External camp security was in the hands of SS-Sturmbannführer Arthur Plorin’s Guard Battalion, a mix of SS-TV and Waffen-SS troops that manned the camp watchtowers and patrolled the perimeter wire. These soldiers had very little contact with the prisoners on a day-to-day basis but were the vital ‘ace in the hole’ for the commandant. During an emergency, such as a prisoner revolt, companies from the Guard Battalion would be rapidly deployed inside the camp. They were equipped as if going into battle, with steel helmets, web equipment, infantry weapons and stick grenades. The idea was to steamroller any revolt with maximum but carefully organized military violence, snuffing out Jewish resistance in a few minutes of bloody mayhem.

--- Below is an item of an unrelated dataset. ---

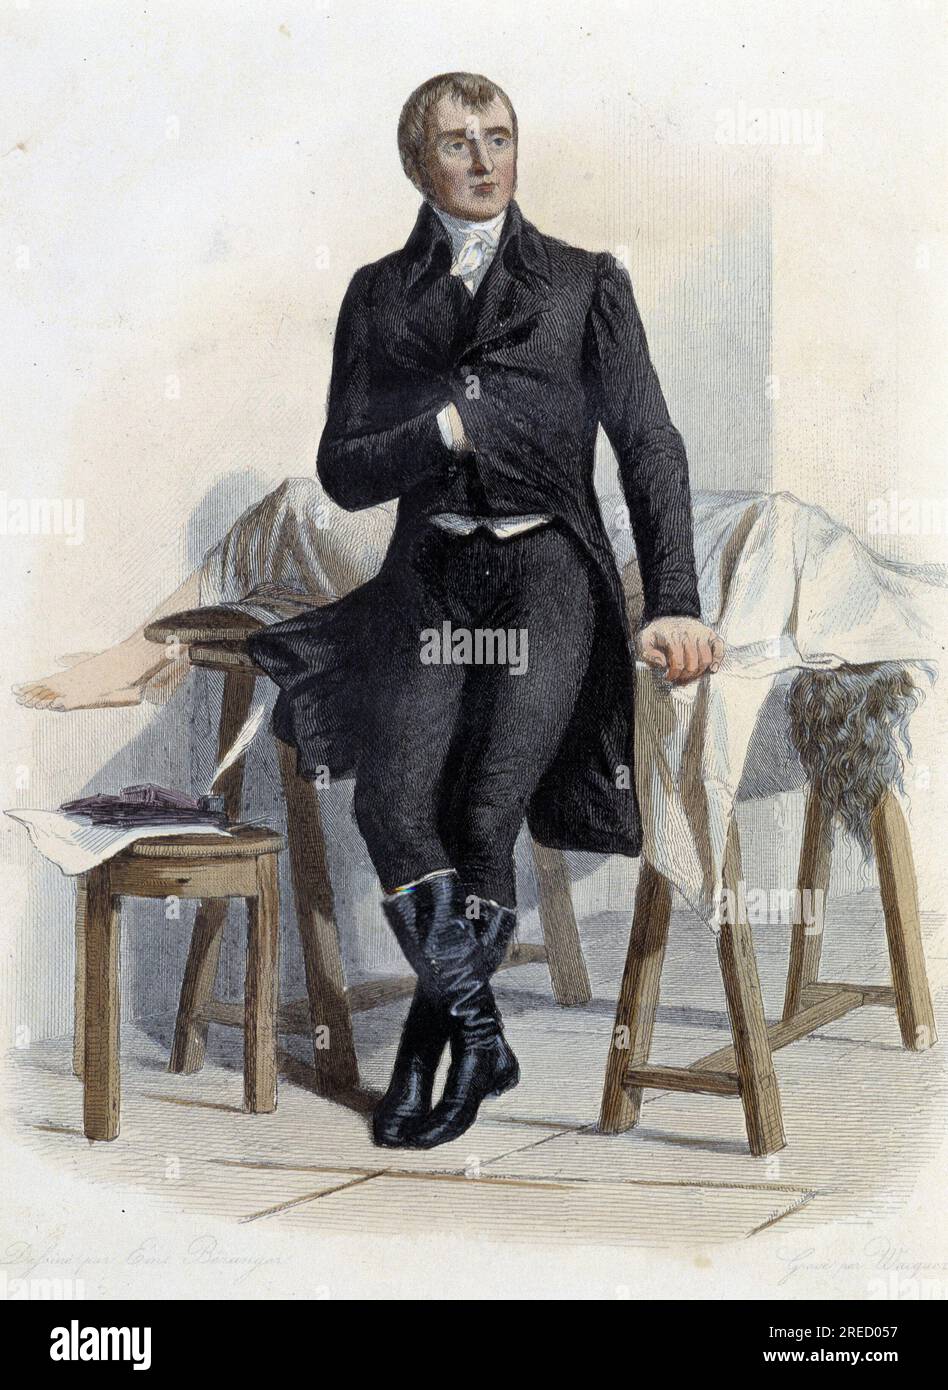 Marie Francois Xavier Bichat (1771-1802), medecin biologiste et physiologiste francais- in 'Le Plutarque francais', par Mennechet, Paris, 1844-47 Stock Photo

At Rajsko, where many of the escaped Jews had fled, the SS blocked the further passage of the escapees from Sonderkommando 57-B. Under heavy fire, they sought refuge inside a barn and prepared to defend themselves with their few small arms. But the SS had other ideas. They set the barn alight with flamethrowers and then shot the Sonderkommandos as they fled from the resulting conflagration. All were mercilessly killed.
At Crematoria II, large numbers of prisoners had failed to escape and the SS shot them down. About 250 were killed, including most of the revolt’s leaders. At Crematoria IV, SS overwhelmed Sonderkommando 59-B. A fire-fighting unit formed from prisoners at Auschwitz I main camp arrived to deal with the massive conflagration, and they witnessed the SS kill the survivors of Sonderkommando 59-B. Once the fire at Crematoria IV was contained, the fire-fighting unit was sent to Rajsko to put out the burning barn where the other members of 59-B had perished. A sudden air raid alert meant that the SS had to call off efforts to locate a few Sonderkommando who had managed to slip through their net, but the bodies of the slain were gathered up and all were returned to Crematoria IV, where they were counted and attempts made to properly identify them. All remaining Sonderkommandos were also sent to Crematoria IV.